After pruning, the model needs to be retrained. See :ref:`Re-training the Pruned Model
<re-training_the_pruned_model>` for more details.

Using the Prune Command
^^^^^^^^^^^^^^^^^^^^^^^

Here's an example of using the :code:`tlt-prune` command:

.. code::

        tlt-prune -m /workspace/output/weights/resnet_003.tlt \
                             -o /workspace/output/weights/resnet_003_pruned.tlt \
                             -eq union \
                             -pth 0.7 -k $KEY

Re-training the Pruned Model
^^^^^^^^^^^^^^^^^^^^^^^^^^^^

.. _re-training_the_pruned_model:

Once the model has been pruned, there might be a slight decrease in accuracy. This happens
because some previously useful weights may have been removed.
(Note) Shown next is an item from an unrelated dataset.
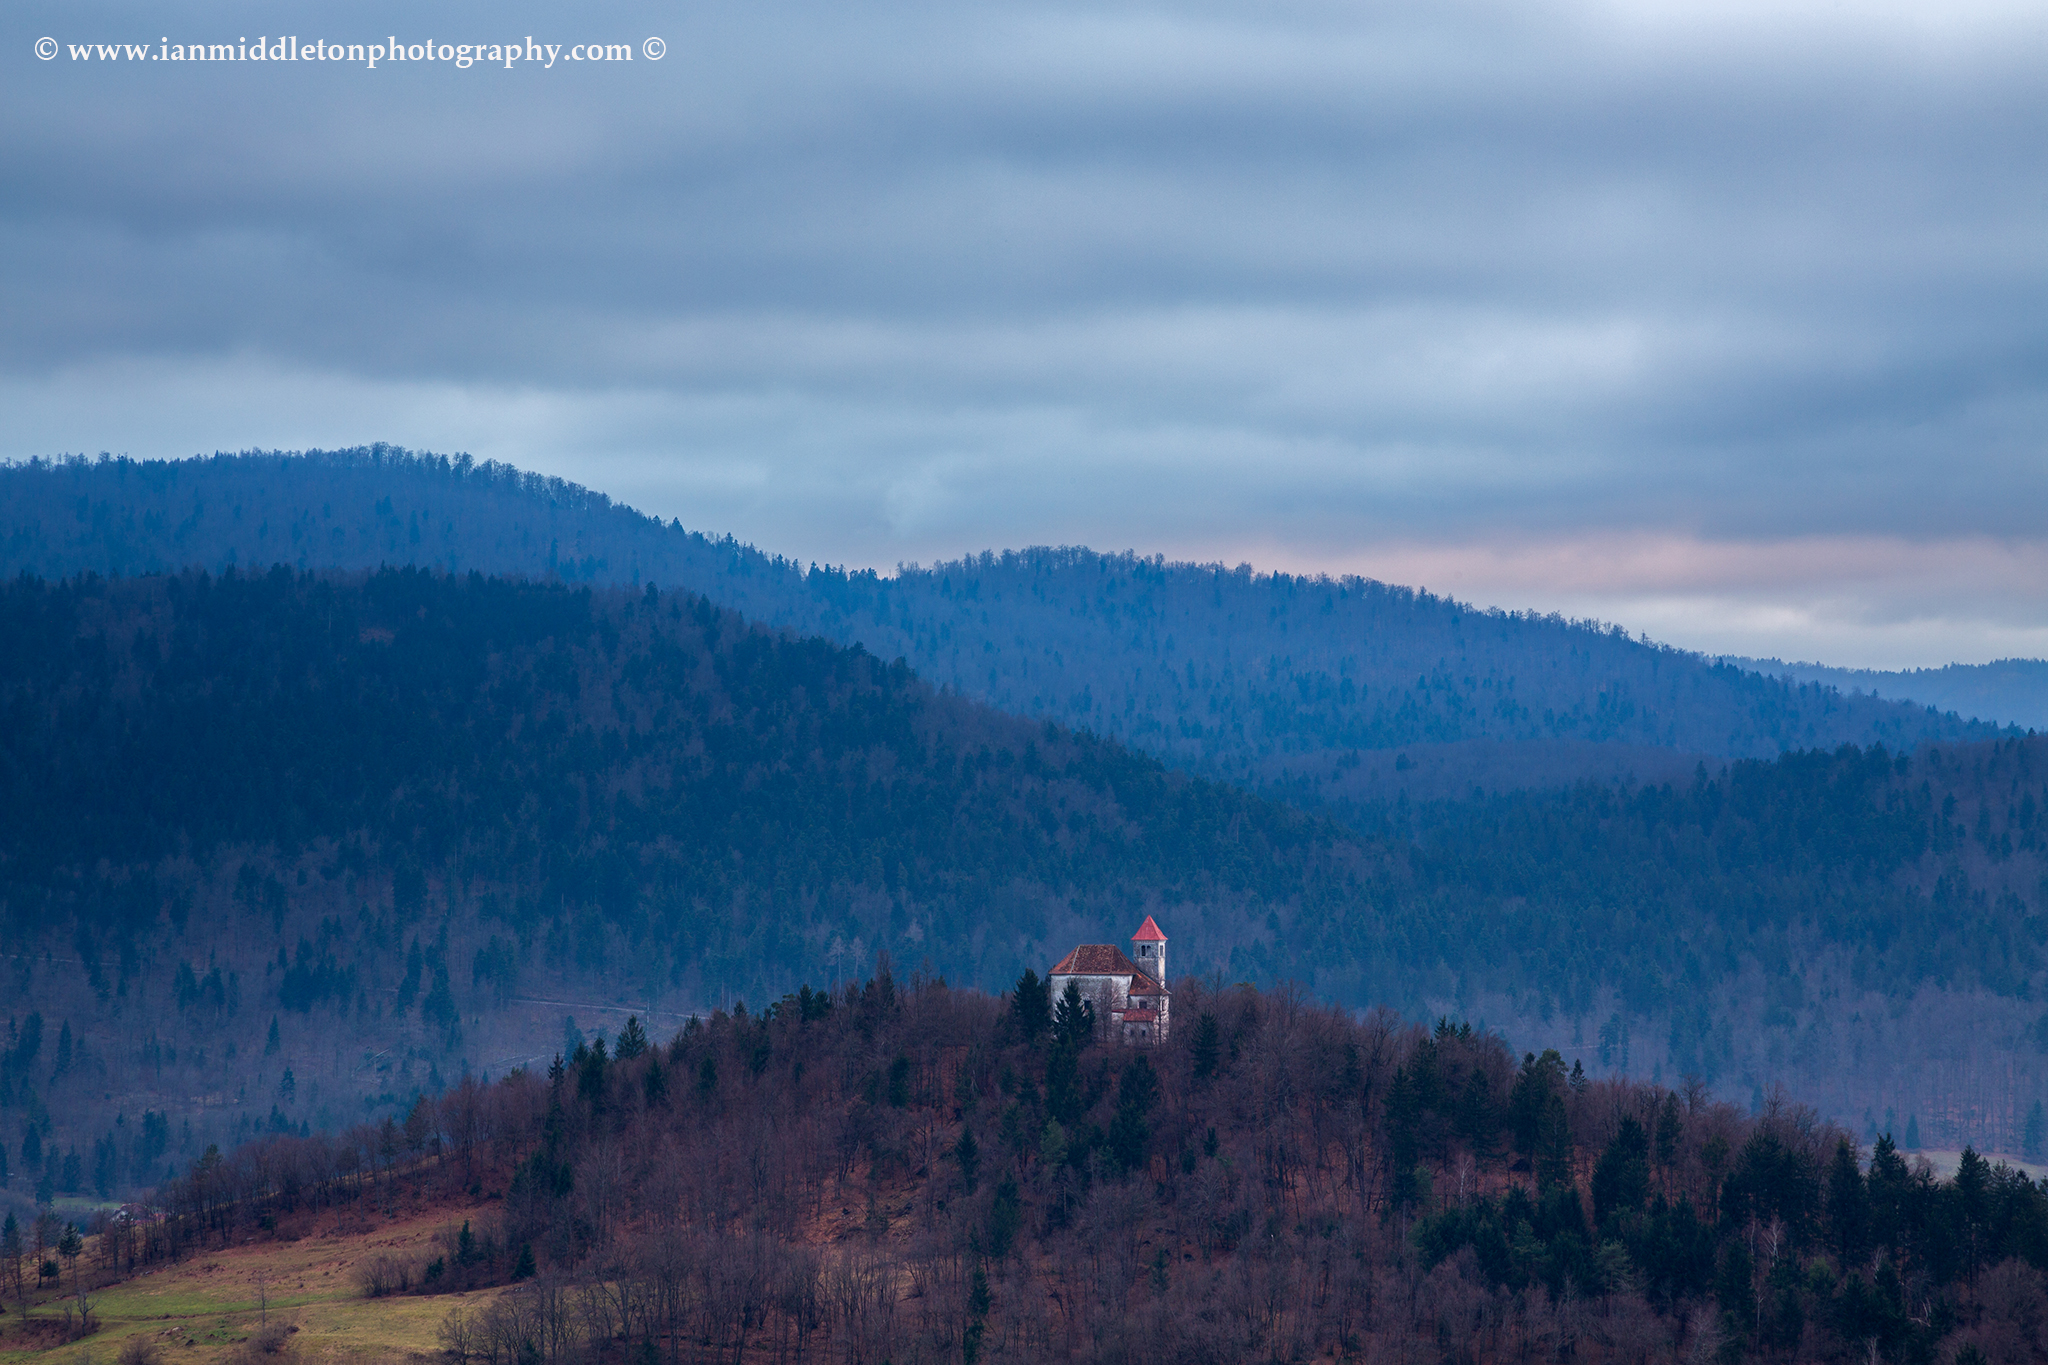 The church of Sveti Josef (Saint Joseph), Slovenia. Seen from the church of Saint Anna (Sveta Ana). Sveta Ana is perched upon an exposed hill overlooking the Ljubljansko Barje (Ljubljana moors) near the village of Preserje.

In order to regain the accuracy,
NVIDIA recommends that you retrain this pruned model over the same dataset. To do this, use
the :code:`tlt-train` command as documented in :ref:`Training the model <training_the_model>`, with
an updated spec file that points to the newly pruned model as the pretrained model file.

Users are advised to turn off the regularizer in the training_config for detectnet to recover
the accuracy when retraining a pruned model. You may do this by setting the regularizer type
to NO_REG as mentioned :ref:`here<trainer>`. All the other parameters may be retained in
the spec file from the previous training.

For detectnet_v2, it is important to set the :code:`load_graph` under :code:`model_config` to
:code:`true` to import the pruned graph.